I knew this was coming–she has a big brother, after all–and try to take it as it is, with a sense of humor and low expectations.
But sometimes, I do need her help. Like now that my slide show refuses to be loaded into my blog.
“A monkey can do it!” my daughter says tartly when I ask her.
“Exactly! That is why you can and I don’t,” I tell her, in what passes for witticism in my house.
Talia looks at me as if she’s about to puke. Then storms out of her room.
I follow her to my study where she sits in front of the computer and proceeds to click all the choices on each tab with fingers slick by years of text messaging.

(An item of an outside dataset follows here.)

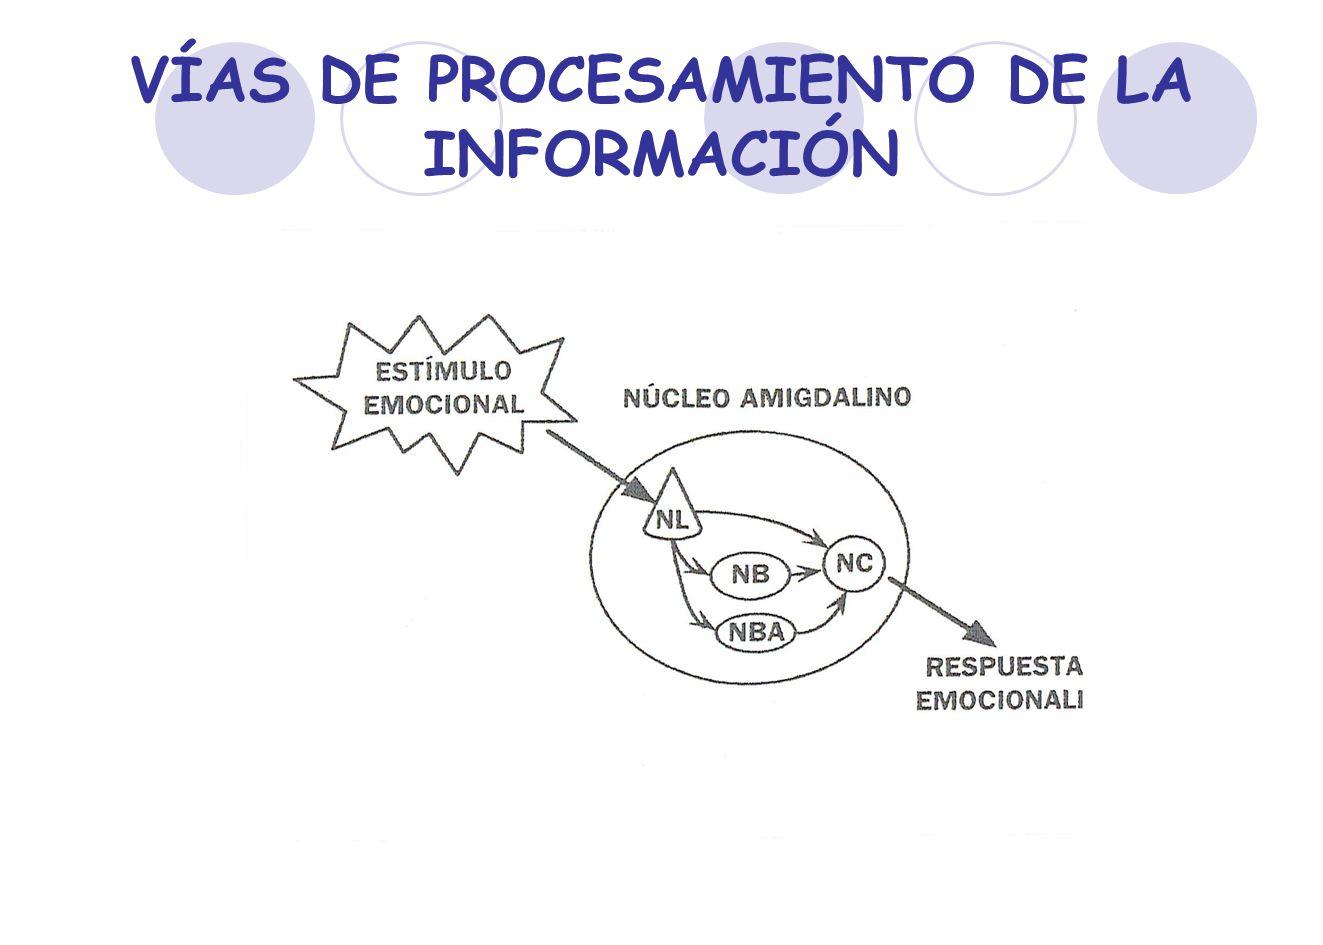 VÍAS DE PROCESAMIENTO DE LA INFORMACIÓN

“There,” she says at last. “Fixed.”
Before I can say ‘thank you,’ she shouts, “Welcome,” over her shoulder and is gone. I can hear her chatting in her room with the heads of her friends open in her laptop, explaining what a loser her mother is when it comes to doing anything in the computer. She is boasting actually. As if having the dumbest mother of them all gives her status or something. I let that pass.
I sit on my chair and look at my screen. I have no idea what she just did. I don’t think she does either. Her approach to solving problems seems to be trying everything, eventually something will work. Which is certainly not the way I was taught.
When I was growing up, I was forbidden to touch things as I could break them. And old habits are hard to forget.
I try again. I go back to the Blogger Dashboard and load my newly saved movie. It doesn’t work. I have two choices now, give up or ask my daughter for help again. I’m too stubborn to give up. As for calling my daughter, I’d rather have a root canal done. There is only so much teen angst I can take in one day.
So I take action.
I click the tabs. One after another, in no particular order. No risk of undoing my slide show as it is not working anyway. It’s frustrating, this trying things at random. It’s also strangely liberating, disobeying my teachers’, my mother’s voice after all these years of carrying them inside.
Somehow at the one hundredth try, the slide show is saved in the right format and I can load it on the site.
I smile, as proud of myself as I’ve ever been.
I did it.
All by myself, I did it.
And not, as monkeys would have done it, by imitating others. But as humans do: by trial and error.
If only now I could remember how I did it.
But that would take a genius. Me, I’m only human.